◆ **What you have to do**
Below are the records; give again exactly the lines from the one containing "Moda dziewczęta Ubrania" through the one containing "Tavole di legno", leaving out pictures.

◆ **Data for this task**

* * * *

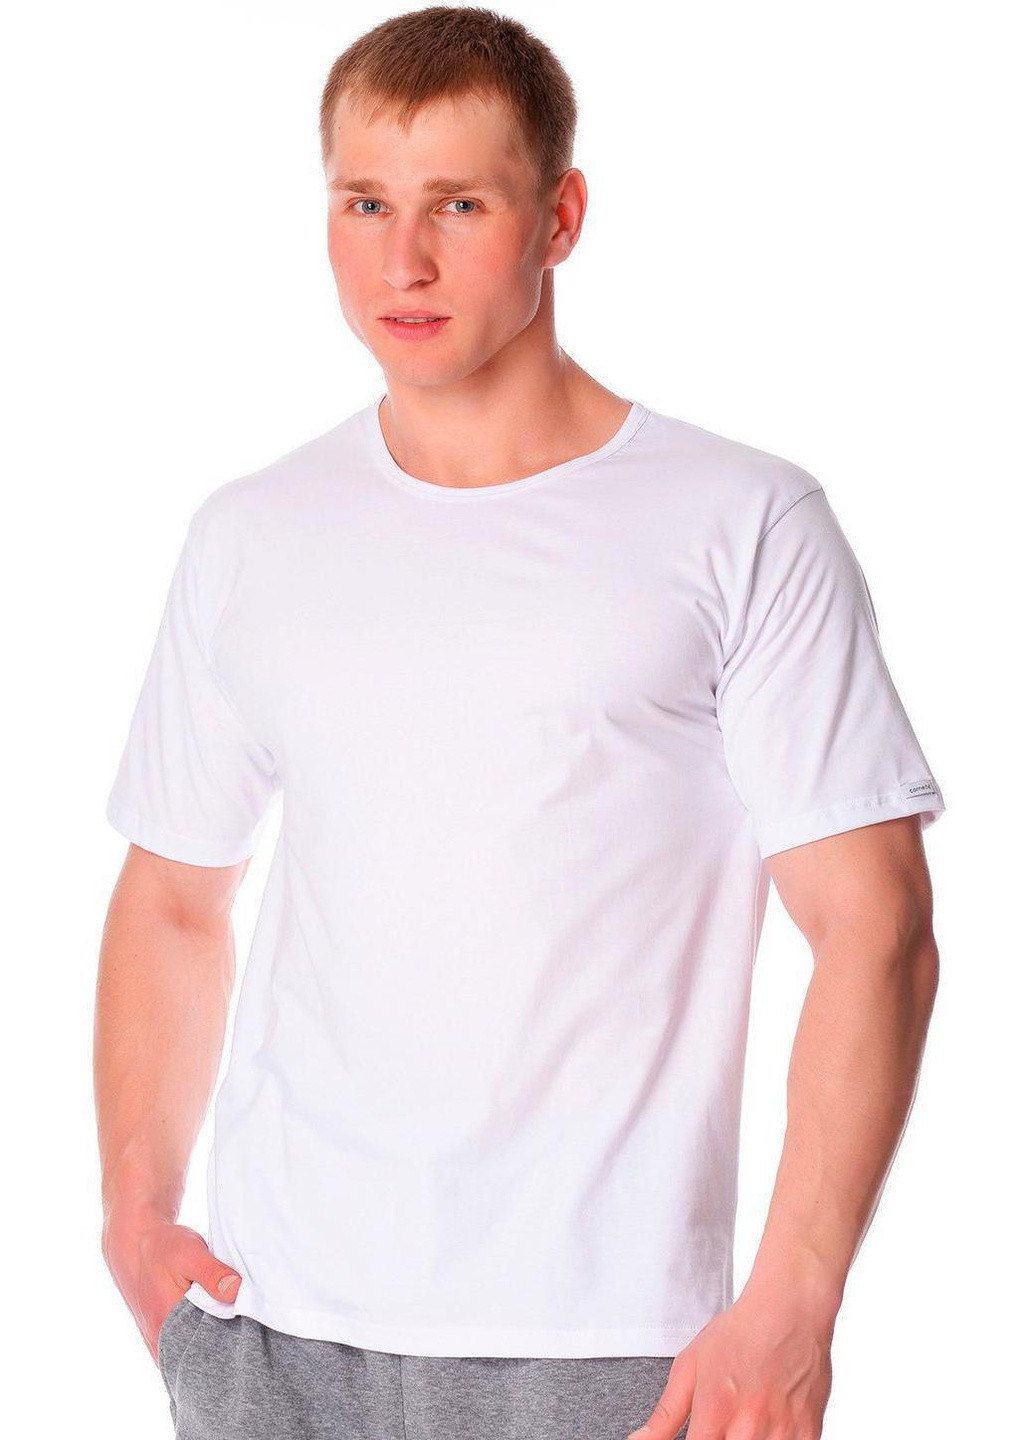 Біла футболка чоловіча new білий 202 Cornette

* * * *

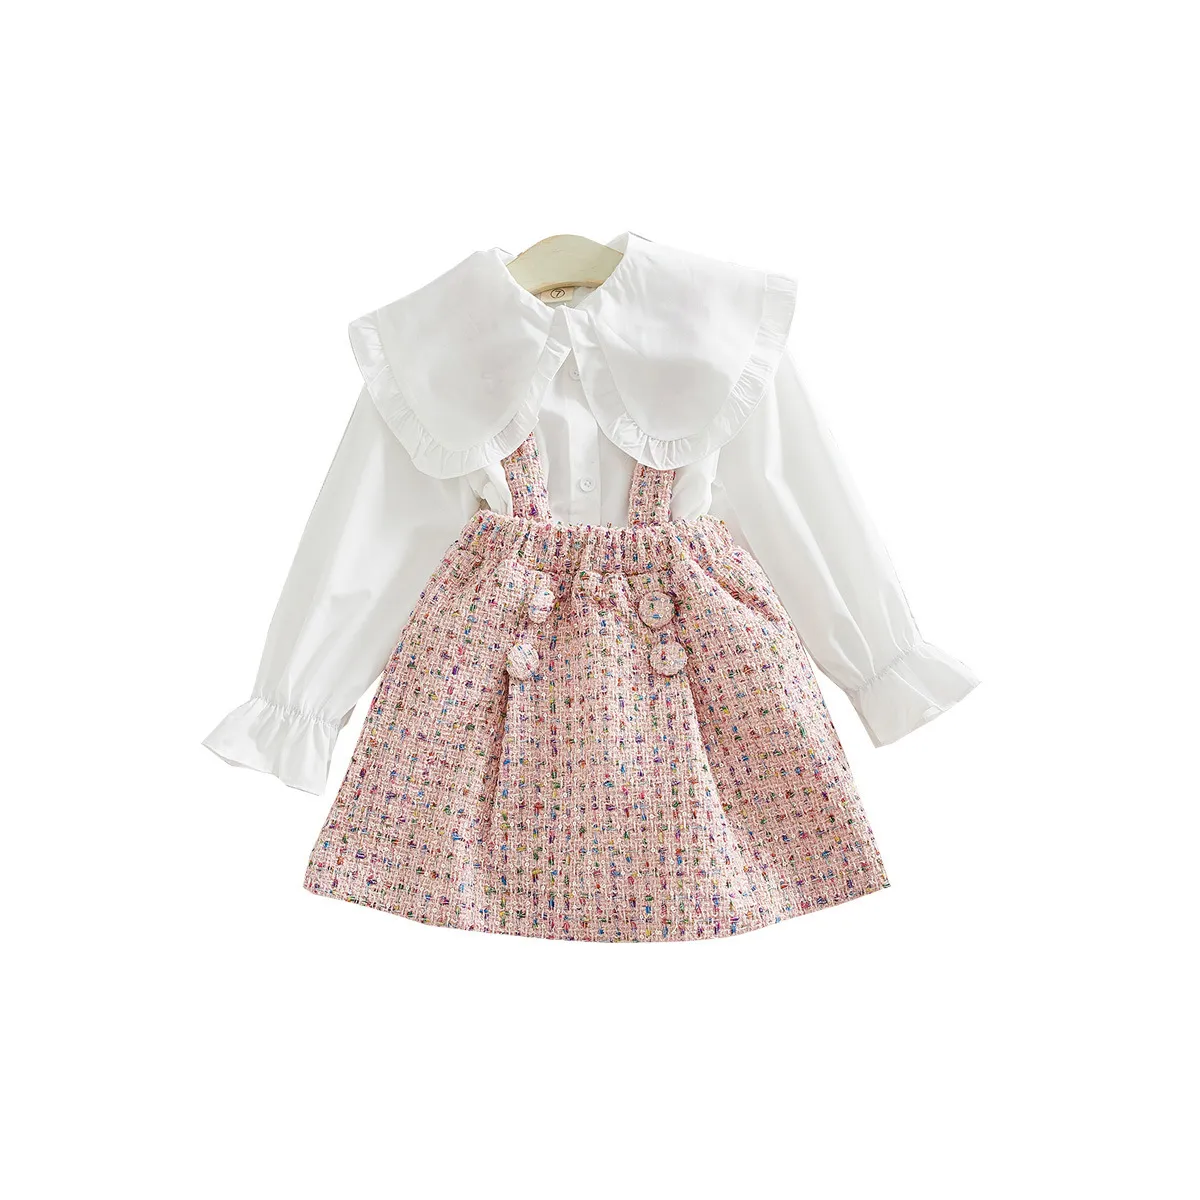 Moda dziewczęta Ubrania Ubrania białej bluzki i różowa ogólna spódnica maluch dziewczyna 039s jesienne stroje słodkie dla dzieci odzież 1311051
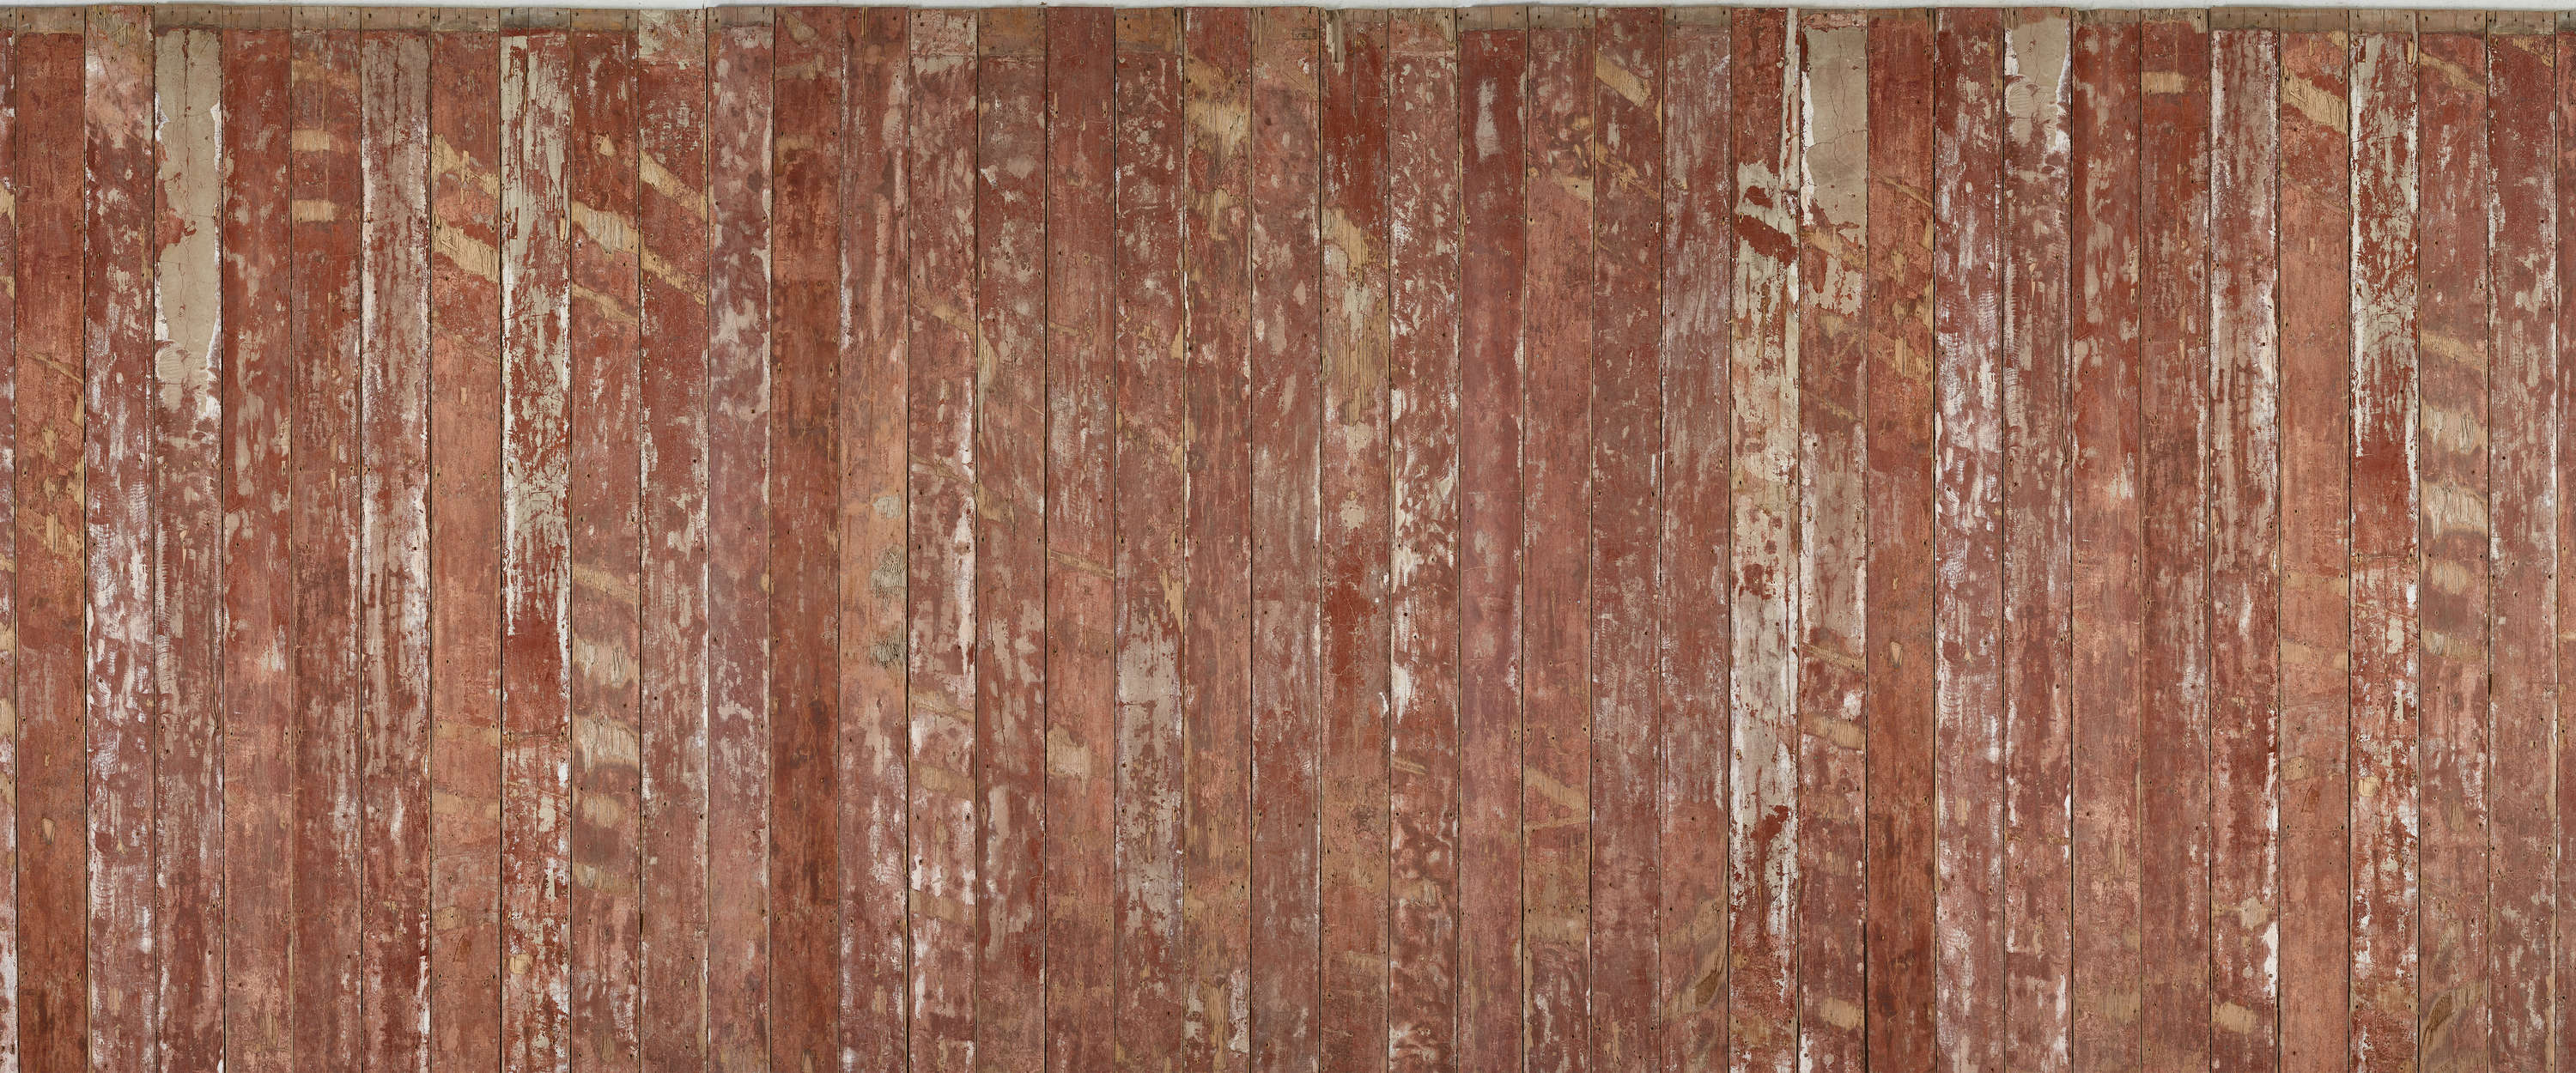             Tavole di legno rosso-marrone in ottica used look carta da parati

* * * *

◆ **Task answer**
 Moda dziewczęta Ubrania Ubrania białej bluzki i różowa ogólna spódnica maluch dziewczyna 039s jesienne stroje słodkie dla dzieci odzież 1311051
             Tavole di legno rosso-marrone in ottica used look carta da parati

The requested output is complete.